Кэш допил пиво и швырнул длинногорлую бутылку в мусорную корзину. Бутылка ударилась о край, кувырнулась и залетела внутрь. Кэш улыбнулся. Он пытался расслабиться и думать о визите старого приятеля как о дружеской, ни к чему не обязывающей посиделке, как с ребятами в пабе. Оттянись, плюй на все, поболтай о давно прошедшем. Ничего серьезного. Ничего, способного обернуться против тебя.
— Снабжение — большей частью работа плевая, но иногда попадаешь в переделки, — сказал Кэш. — К примеру, две недели назад я летал в лагерь на передней линии. Он на краю пустыни, выглядит как и все остальные: трейлеры, палатки посреди ничего, акры голой земли, спрыснутые квазиживым полимером, чтобы не унес ветер, посадки деревьев, ирригационные канавы, ловушки для росы… А приземляться надо на подъездную дорогу, потому что нет полосы. Наш корпус мастеров–ломастеров использует крошечные самолеты, потому что они сядут где угодно. В общем, ветер в кои–то веки подул в пустыню, я развернулся, чтобы сесть при встречном ветре — тогда и пробежки почти никакой. И вот я кружу в сотне метров над землей, иду к лесополосе и вижу внизу конных ублюдков, будто вылезших из старых добрых времен. А они принимаются палить в меня.
— А, так у вас тут знаменитые бунтовщики? — спросил Луис.

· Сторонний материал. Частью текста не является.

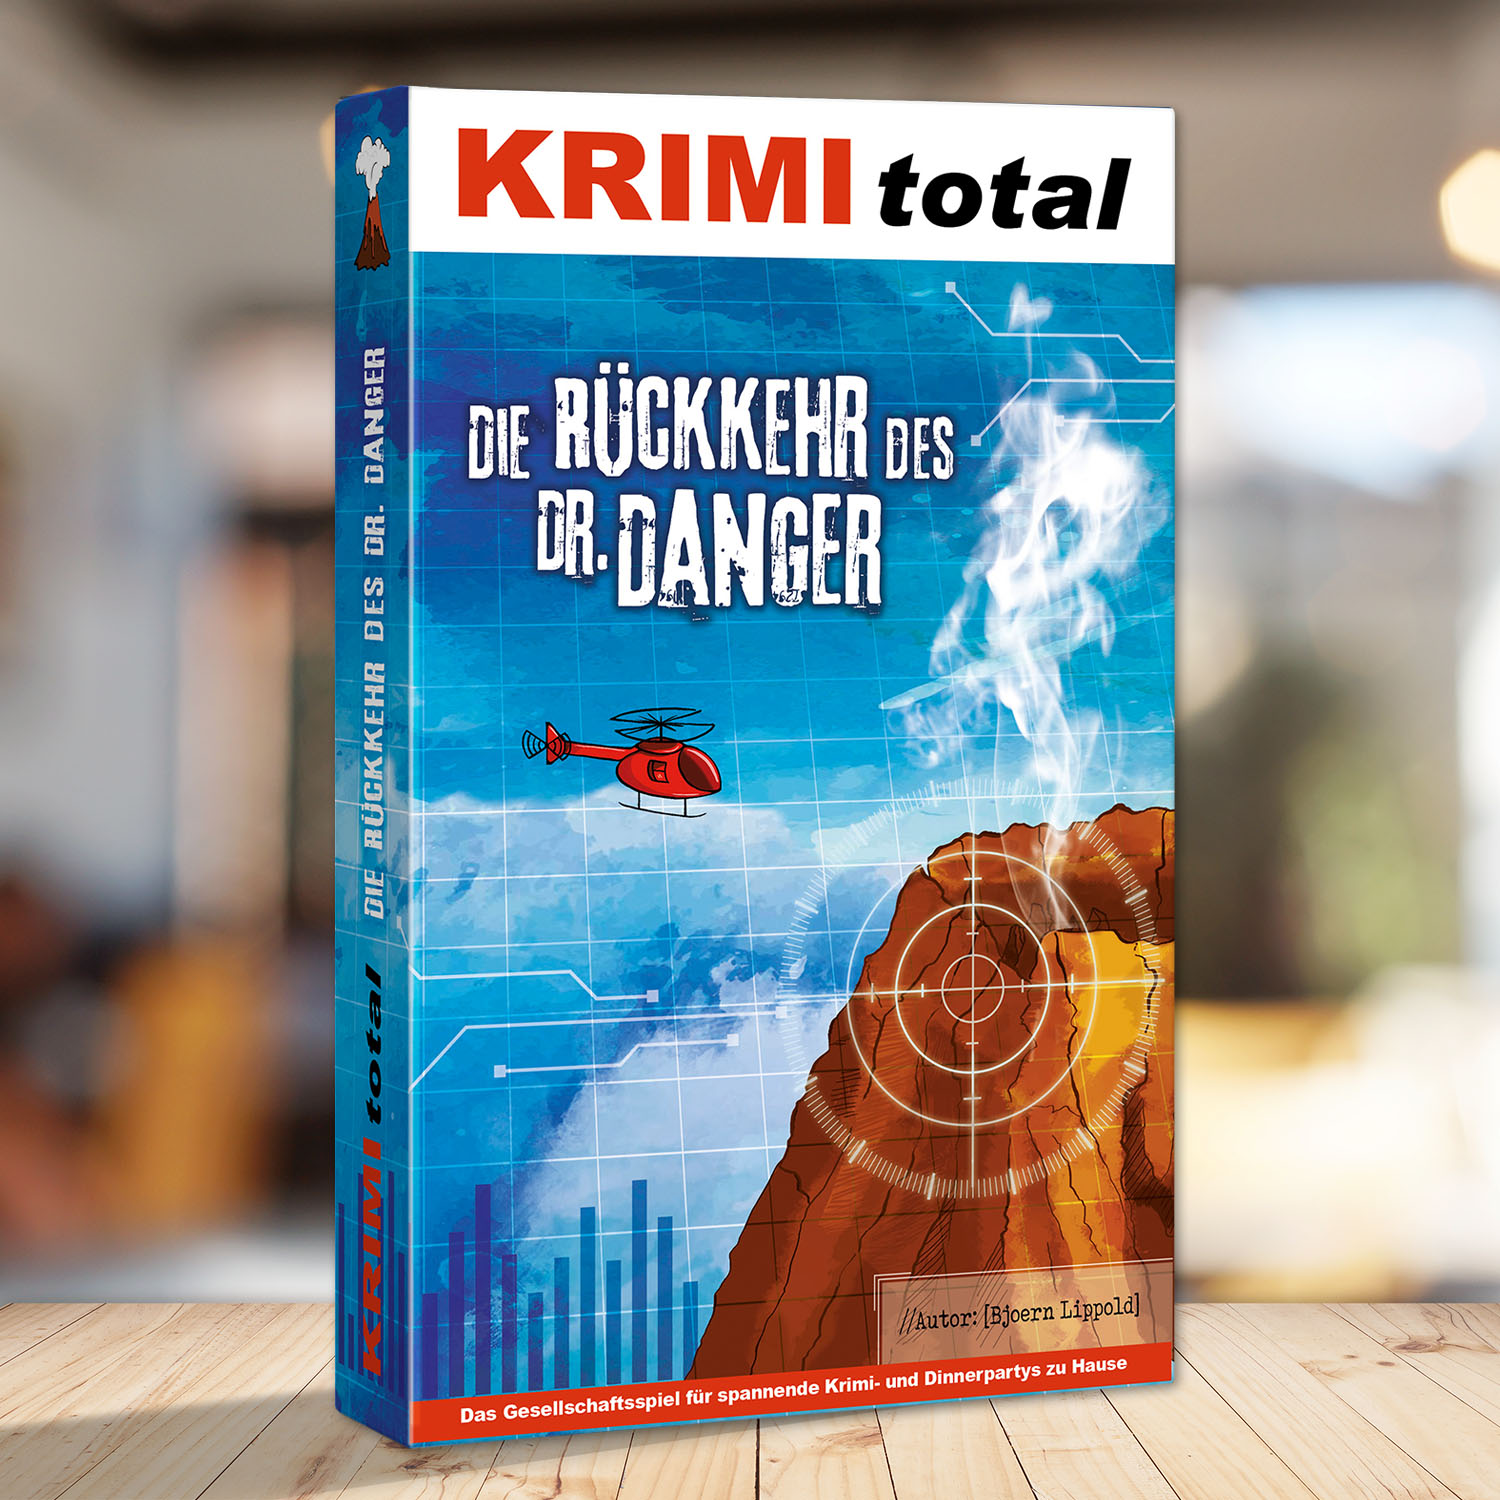 Abbildung eines Spielkartons des Krimidinner Spiels "KRIMI total - Die Rückkehr des Dr. Danger"

— «Всадники свободы»? Да нет. Они не лезут к нам, мастерам–ломастерам. Мы — просто рабочие руки, вкалываем, как и все остальные, и ради доброго дела: отвоевываем землю у пустыни, снова делаем Техас и все то, что раньше звалось Соединенными Штатами Америки. Нет, всадники с нами не ссорятся.
Кэш вдруг понял, что говорит о том, о чем Говард просил помалкивать, и осекся.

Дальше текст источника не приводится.